Студия представляла собой здоровенный квадратный зал высотой в три этажа. Но при этом прихожая была как у обычных квартир, а на контрасте с основным помещением, казалась еще меньше. Рядом с входной дверью было еще две — туалет и ванная. Короткий коридор вел на крохотную кухню, куда, впустив нас, и вернулся рыжебородый незнакомец. Он там колдовал с духовкой, готовил какое-то секретное блюдо. Так что захлопнул дверь и никого не впускал. Впрочем, кухня была настолько маленькой, что когда рыжая борода туда вошел, места для кого-то еще там не осталось.
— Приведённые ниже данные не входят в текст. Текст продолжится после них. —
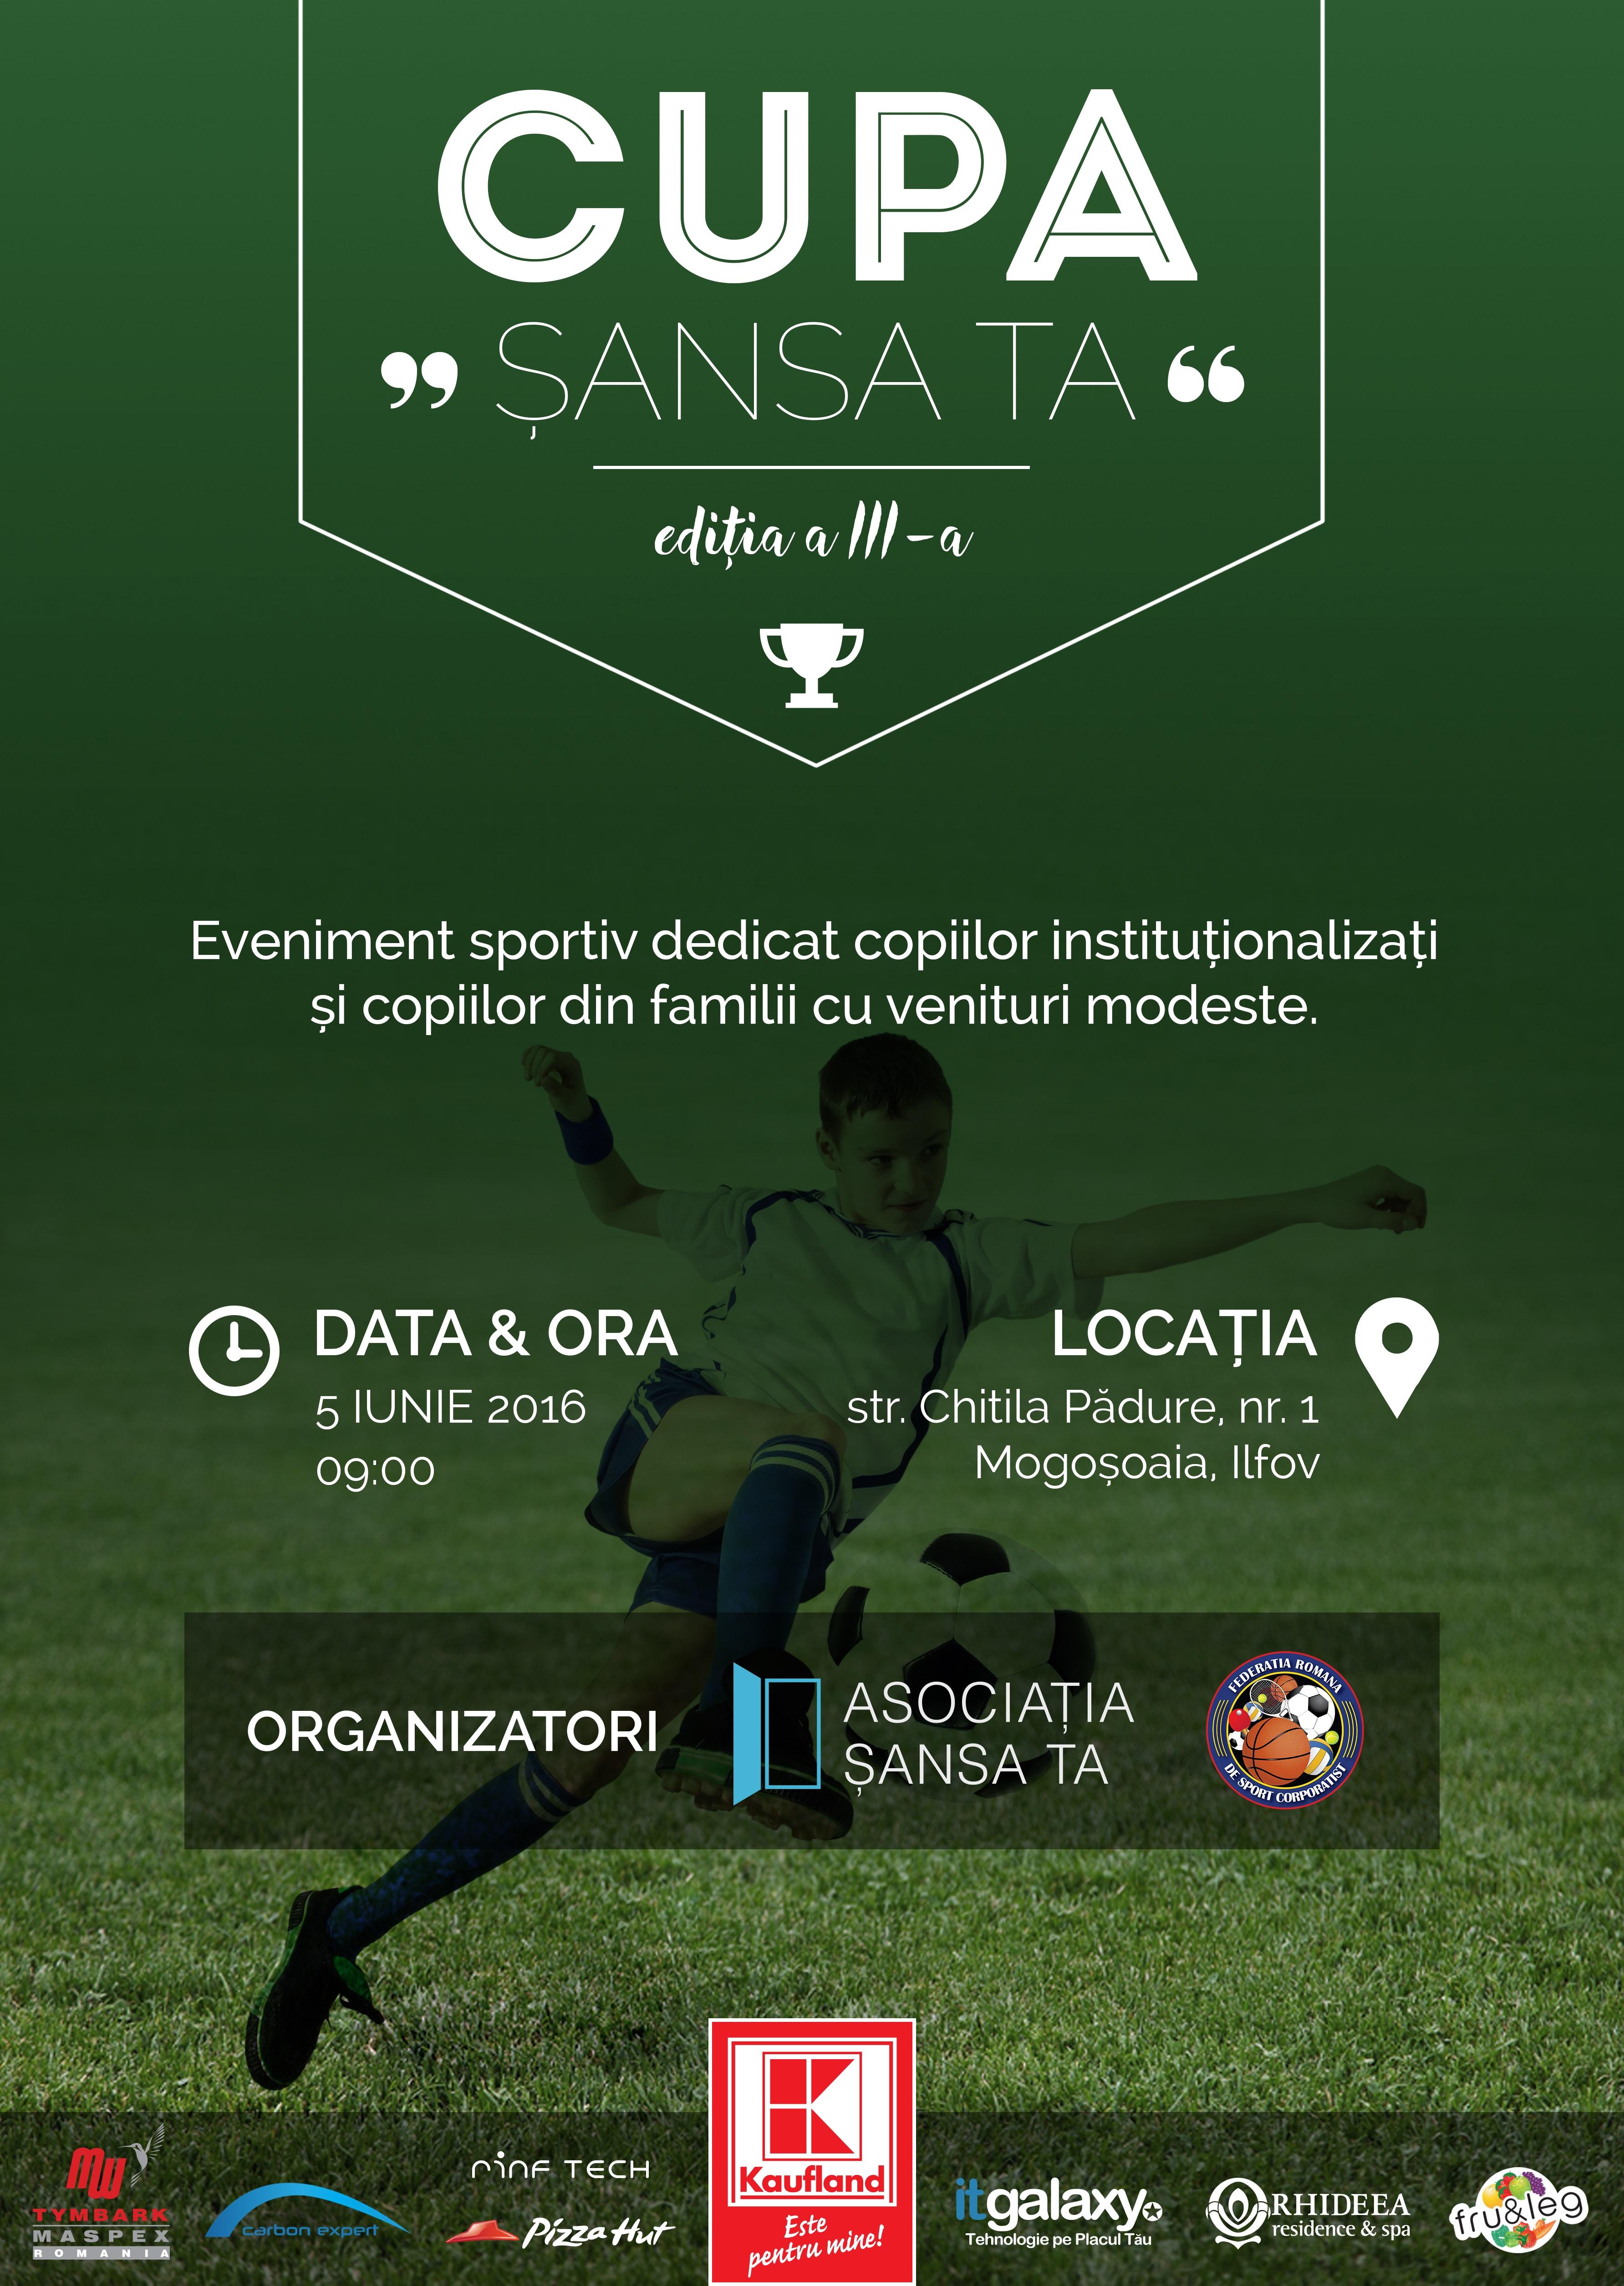 Competiție de fotbal pentru copiii orfani și din familii modeste: Cupa Șansa Ta a ajuns la a treia ediție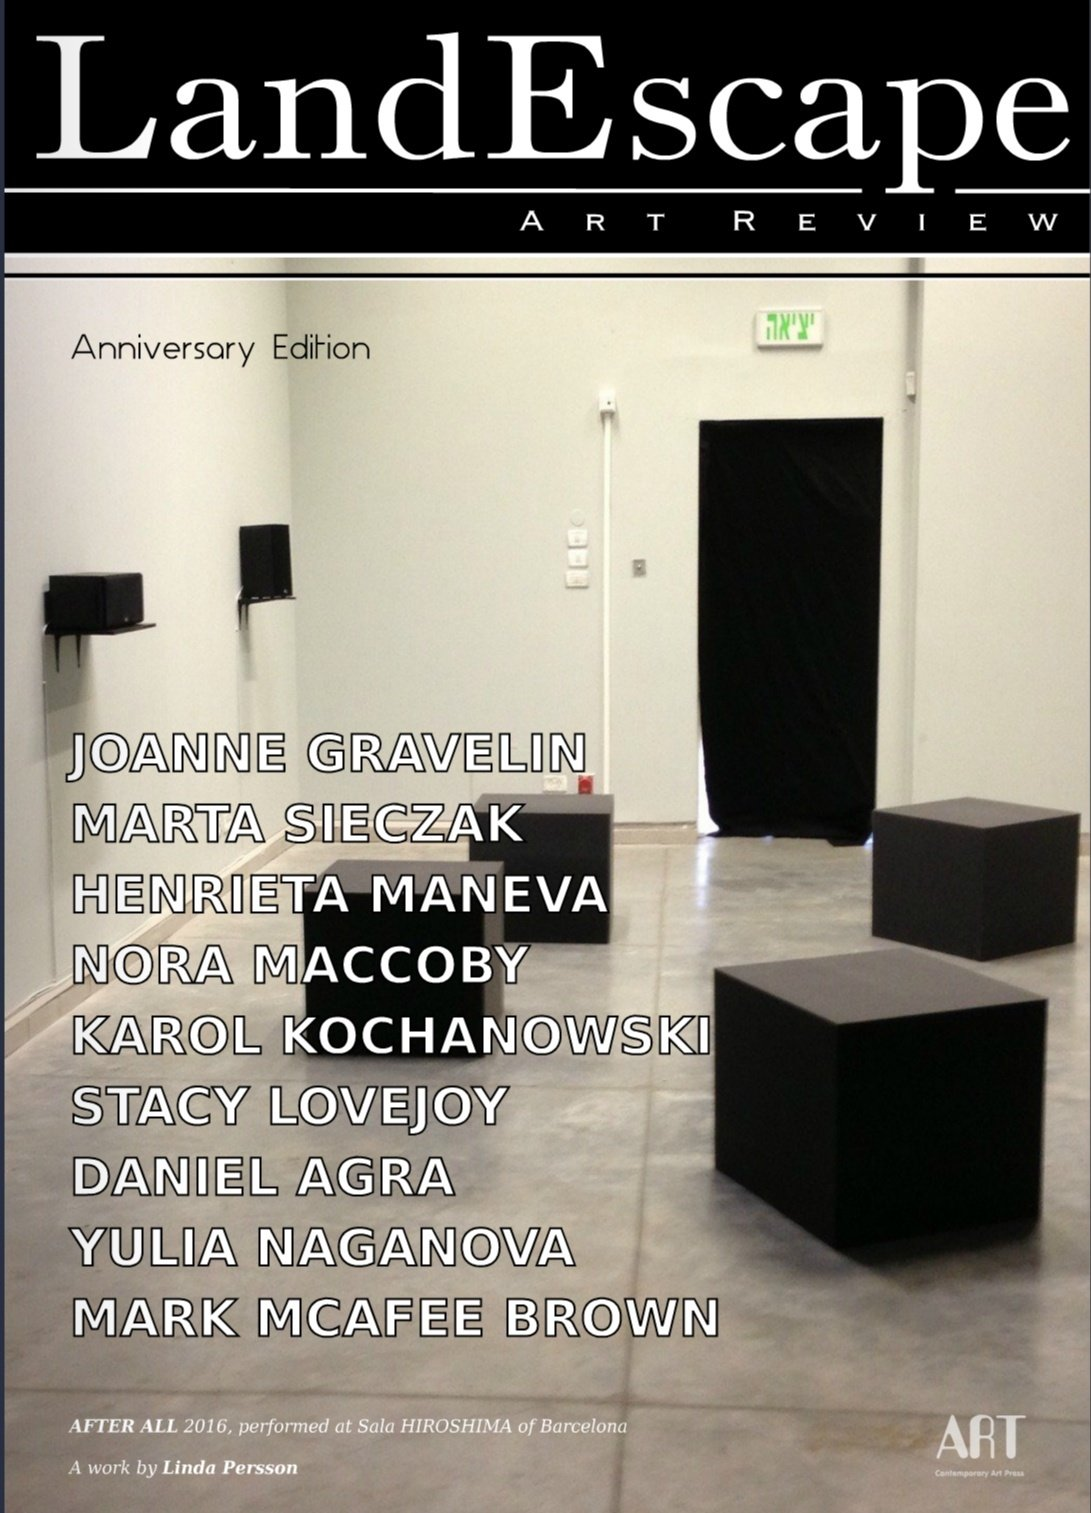 LandEscape Art Review Magazine

А вот в большом зале было, что поразглядывать. Сразу было понятно, что обитает в этом месте человек творческий.
Под самым потолком на белой стене была закреплена здоровенная виолончель. Кажется, инструмент таких размеров называется «контрабас». Еще стены украшало множество картонных шляп разного размера и формы — от похожих на привычные ковбойские до причудливых, островерхих, украшенных искусственными цветами, игрушечными машинками и кораблями. Что это? Костюмы с какого-то карнавала? Или хозяину нравится клеить шляпы из картона в свободное от работы время.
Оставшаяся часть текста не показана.